- Born: August 11, 1896 Toronto, Canada
- Died: June 7, 1985 (aged 88) Mattituck, New York, USA
- Allegiance: George V of the British Empire
- Service / branch: Canadian Expeditionary Force Royal Flying Corps
- Rank: Lieutenant
- Unit: 109th Regiment Canadian Militia, 204th Battalion (Beavers), CEF, 116th Battalion CEF, No. 41 Squadron RAF, No. 84 Squadron RAF
- Awards: Military Cross

= Frank Harold Taylor =

Lieutenant Frank Harold Taylor (11 August 1896—7 June 1985) was a Canadian-born flying ace. During World War I, he was credited with ten aerial victories.

==Early life and service==
Frank Harold Taylor was Toronto born, being the child of Jane Taylor. He was a student during the start of World War I, and joined the Canadian militia circa February 1916 and became a lieutenant. On 13 September 1916, he joined the Canadian Expeditionary Force for overseas service. He subsequently served in two battalions of the Canadian Expeditionary Force before transferring to the Royal Flying Corps.

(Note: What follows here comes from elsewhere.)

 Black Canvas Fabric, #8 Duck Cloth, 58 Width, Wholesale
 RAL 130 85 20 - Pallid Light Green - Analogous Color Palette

==World War I aerial service==
Taylor was confirmed in rank as a Temporary second lieutenant with the RFC on 10 September 1917. He was also assigned to 41 Squadron in September 1917 as an Airco DH.5 pilot. He scored his first victory with serial number B667, helping Russell Winnicott, Loudoun MacLean, and Meredith Thomas destroy a German reconnaissance two-seater plane over Rumilly. The squadron re-equipped with newer Royal Aircraft Factory SE.5as. Flying SE-5a serial number C1752, the young pilot teamed with fellow Canadian Harry Watson to destroy an Albatros D.V over Vitry on 25 January 1918. Taylor would use the same plane for six more wins in the latter part of March, capped by the destruction of another Albatros D.V at 0900 hours on 24 March 1918, followed by a successful balloon busting within the hour.

In May 1918, Taylor returned to Canada for home leave. Upon his return, he was assigned to 84 Squadron. Using SE.5a serial F855, he scored two final victories, on 3 and 10 November 1918. His final tally was an observation balloon and five enemy planes destroyed solo, two enemy planes destroyed in joint attacks, and two German planes driven down out of control.

==Post World War I==
Taylor gave up his commission and became unemployed by the Royal Air Force on 16 September 1919.

Frank Harold Taylor died on Long Island, New York, on 7 June 1985.

==Honors and awards==
Text of citation for award of the Military Cross

For conspicuous gallantry and devotion to duty. On one occasion, whilst on offensive patrol, he shot down a hostile scout in flames and a second out of control. On the following day he shot down an enemy triplane, which finally crashed to earth. During the recent operations he has carried out many successful attacks on enemy infantry from low altitudes, and has taken part in over 80 offensive patrols. His gallantry and good service merit the highest praise.